■ EXERCISE OBJECTIVE ■
Using the data below, set down every line from the one containing "Colorado Cap in Cream | Navy" through the one containing "Durante el transcurso", inclusive and unchanged. Pictures are to be skipped.

■ MATERIAL FOR THIS TASK ■
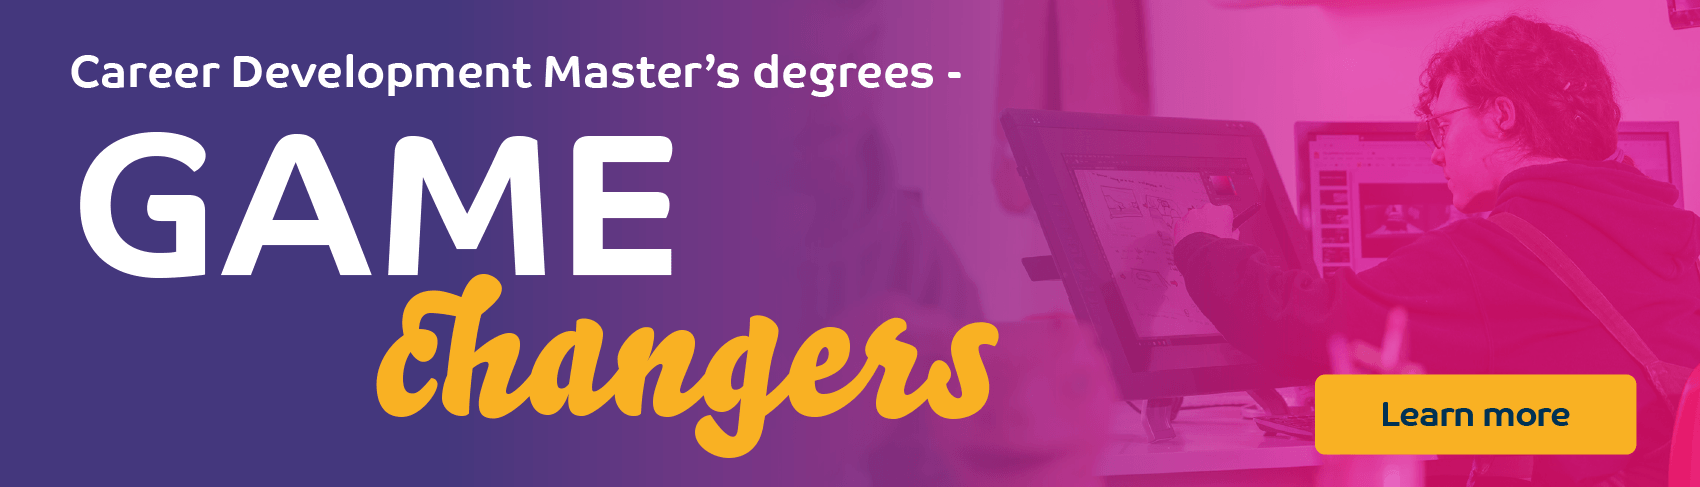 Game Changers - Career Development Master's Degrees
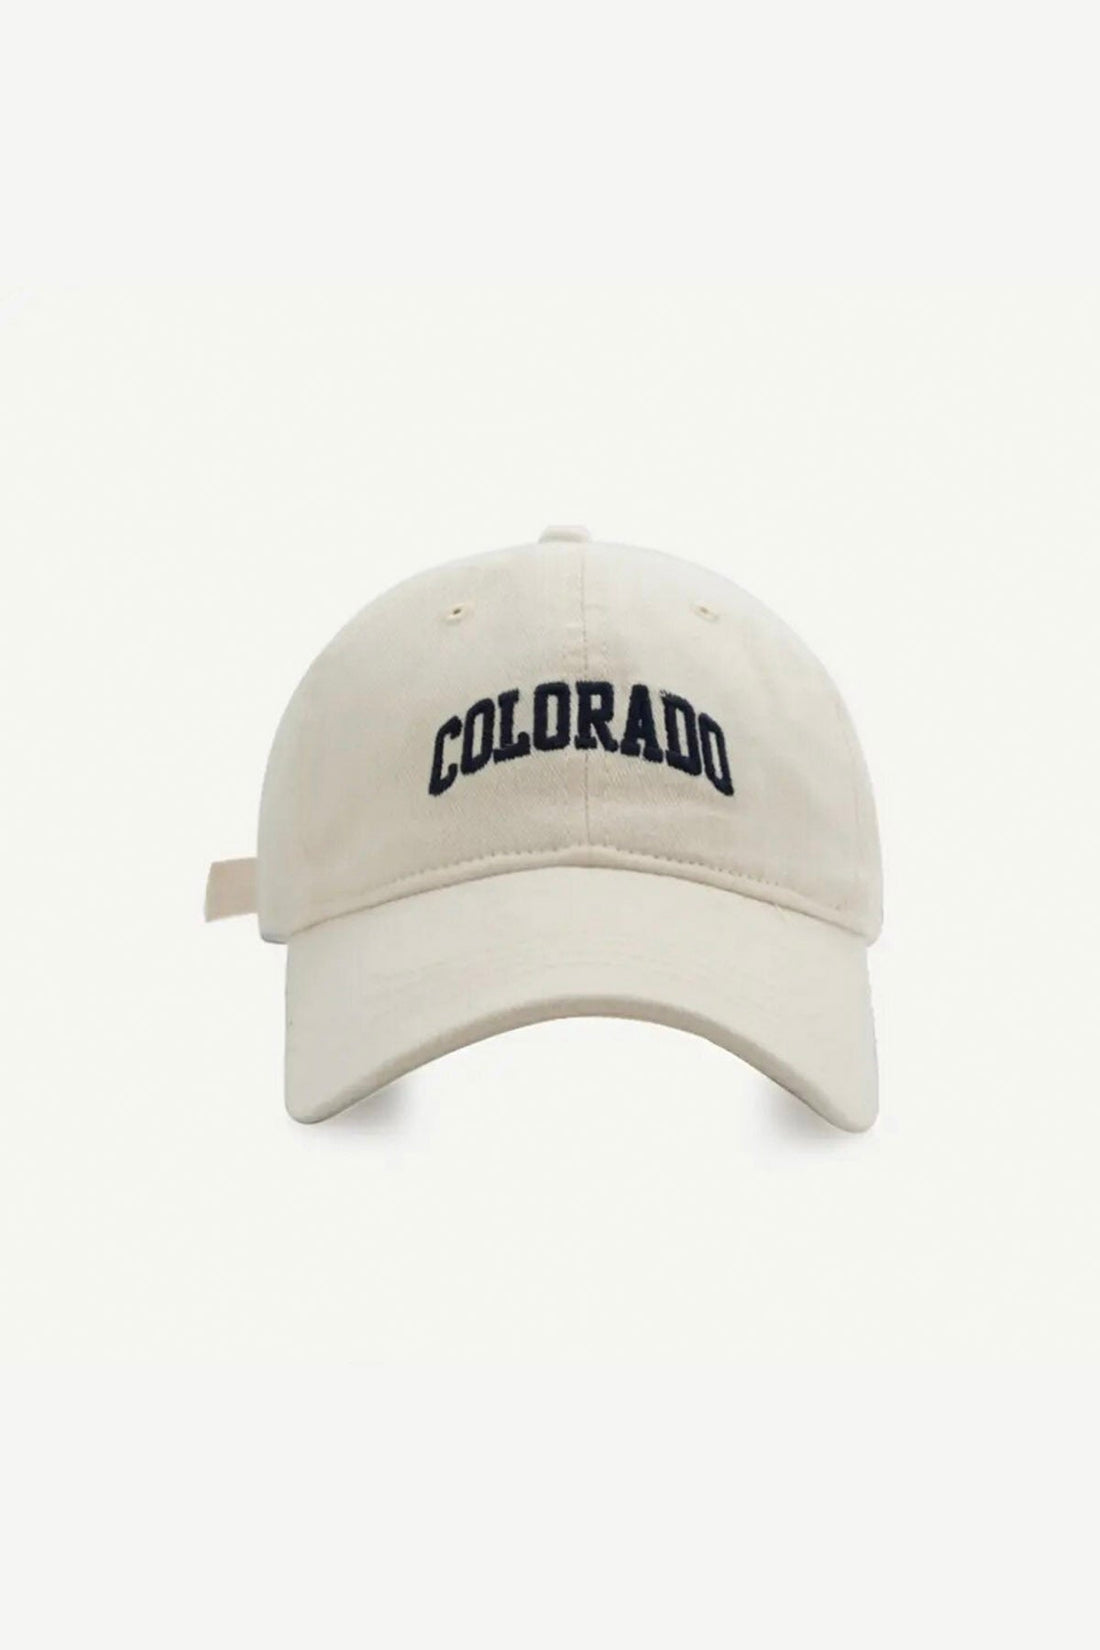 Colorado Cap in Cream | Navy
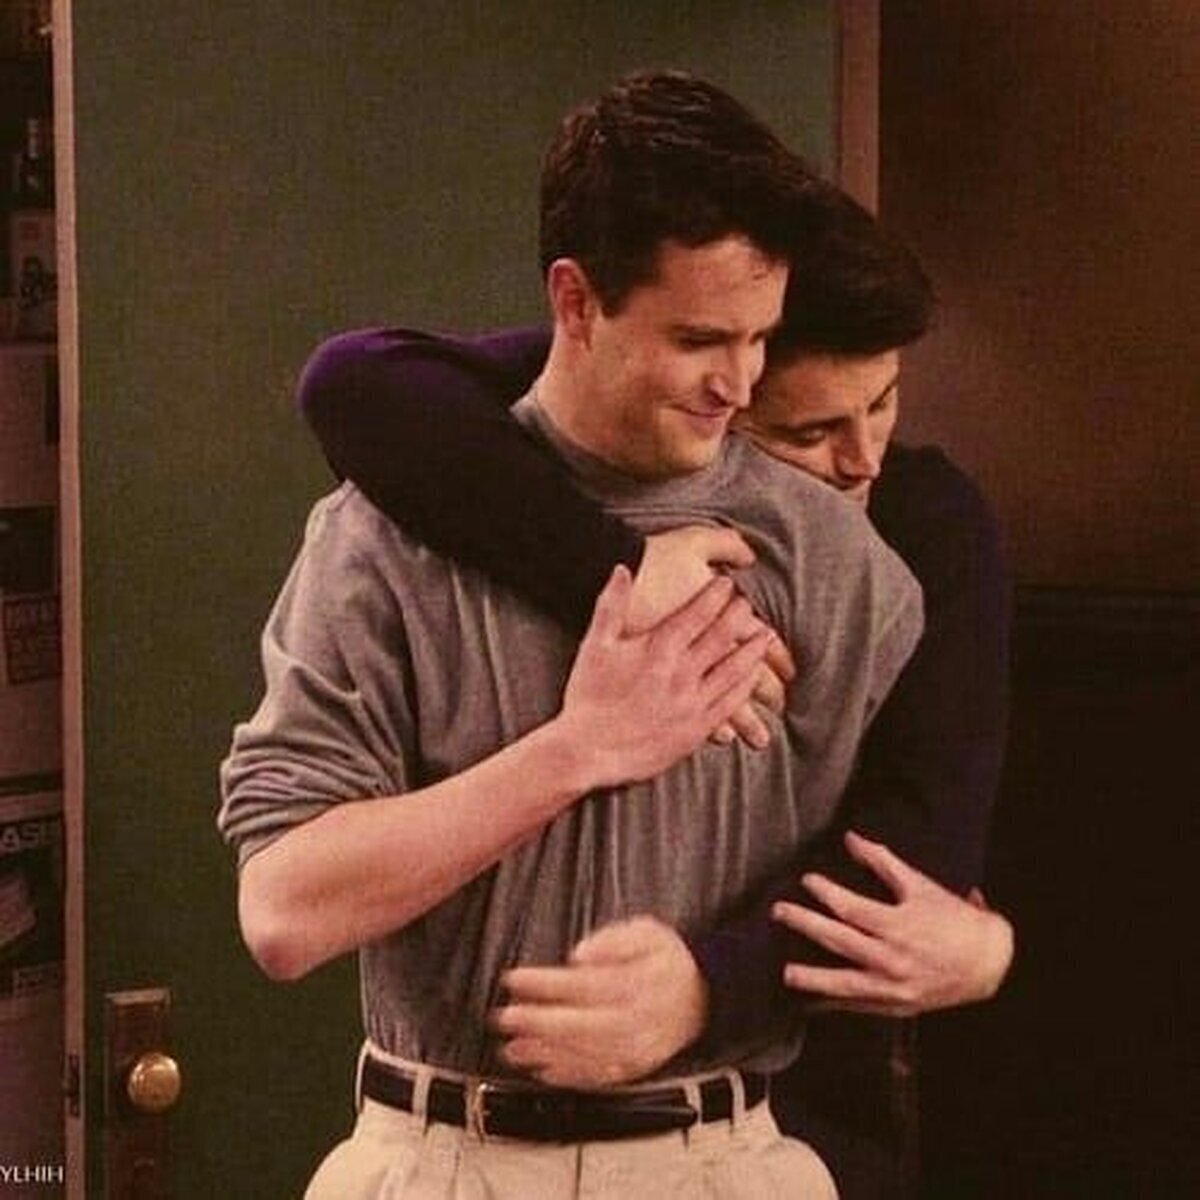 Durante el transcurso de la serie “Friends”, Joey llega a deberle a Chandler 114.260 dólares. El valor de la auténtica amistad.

...

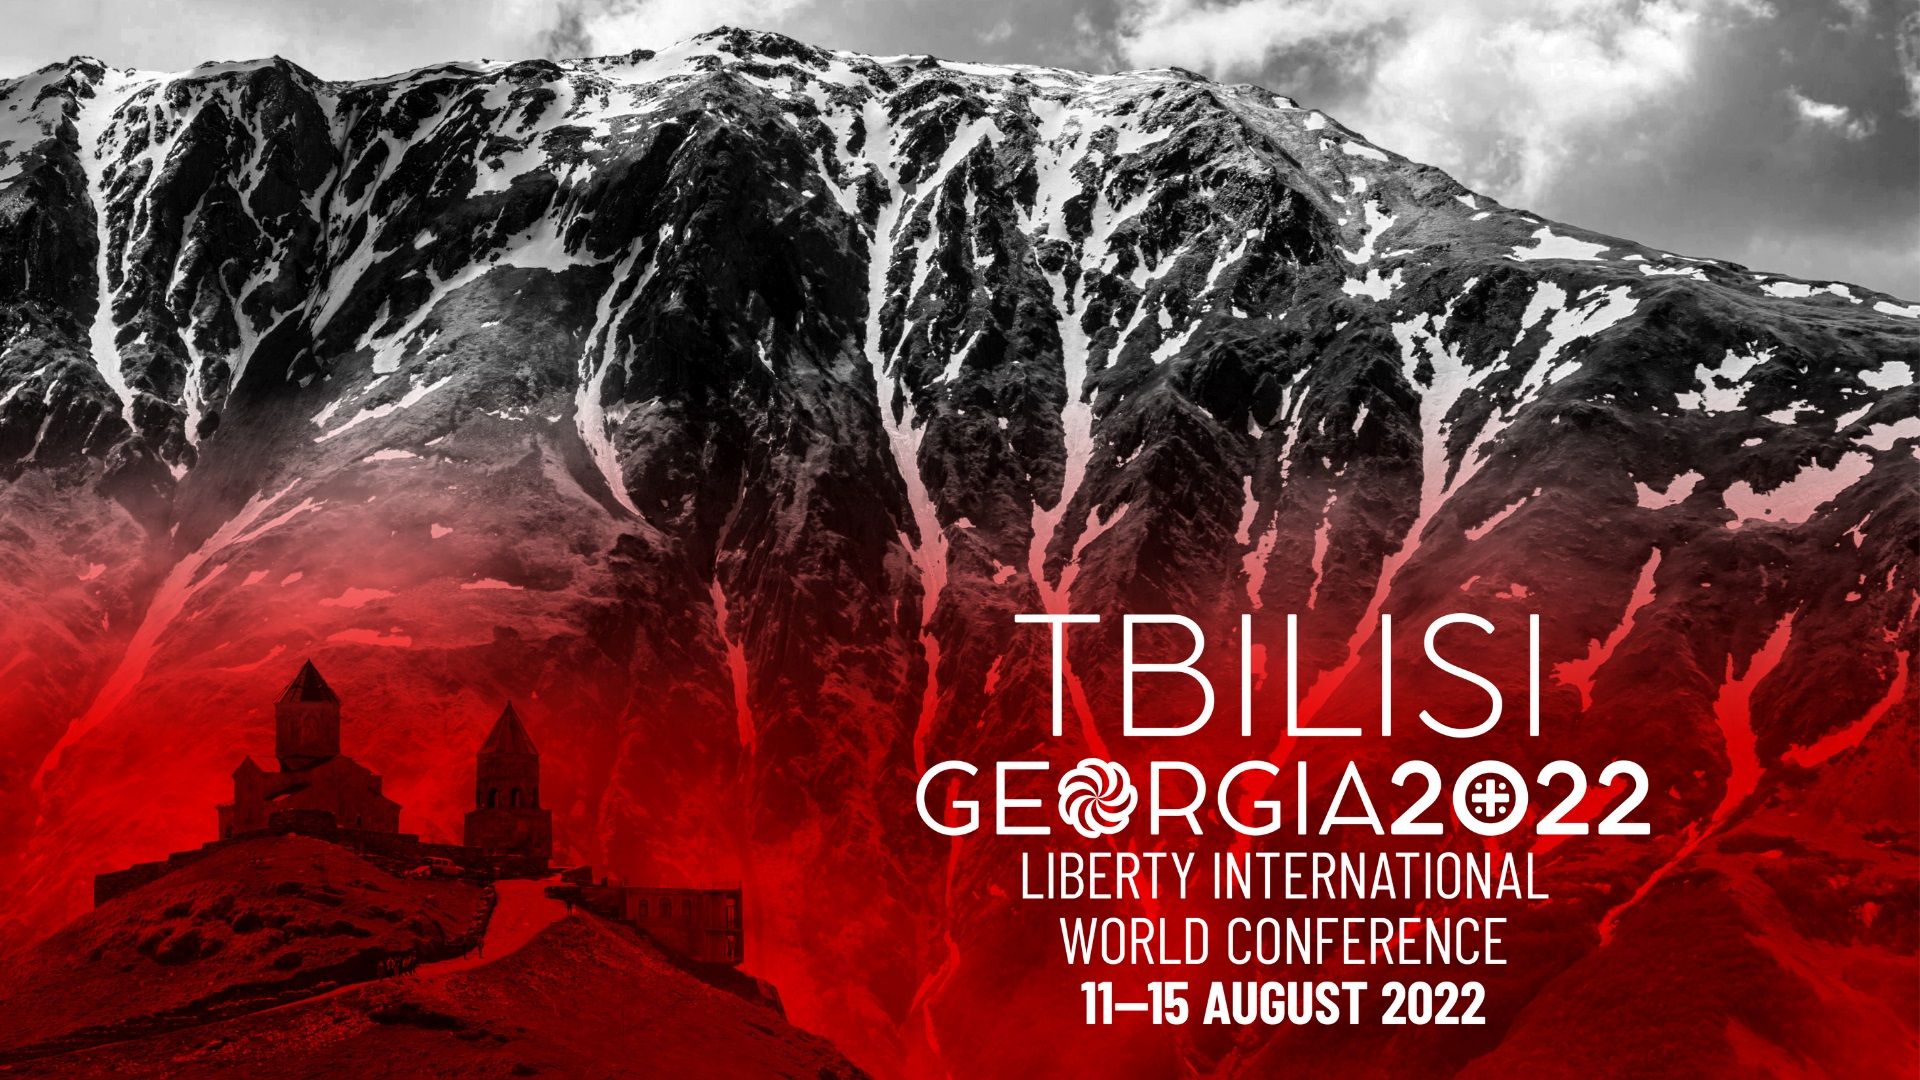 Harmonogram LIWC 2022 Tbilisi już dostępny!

* * *

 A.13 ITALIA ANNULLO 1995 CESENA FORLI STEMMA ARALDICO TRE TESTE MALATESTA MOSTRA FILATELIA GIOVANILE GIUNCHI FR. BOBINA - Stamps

■ YOUR RESPONSE ■
 Colorado Cap in Cream | Navy
 Durante el transcurso de la serie “Friends”, Joey llega a deberle a Chandler 114.260 dólares. El valor de la auténtica amistad.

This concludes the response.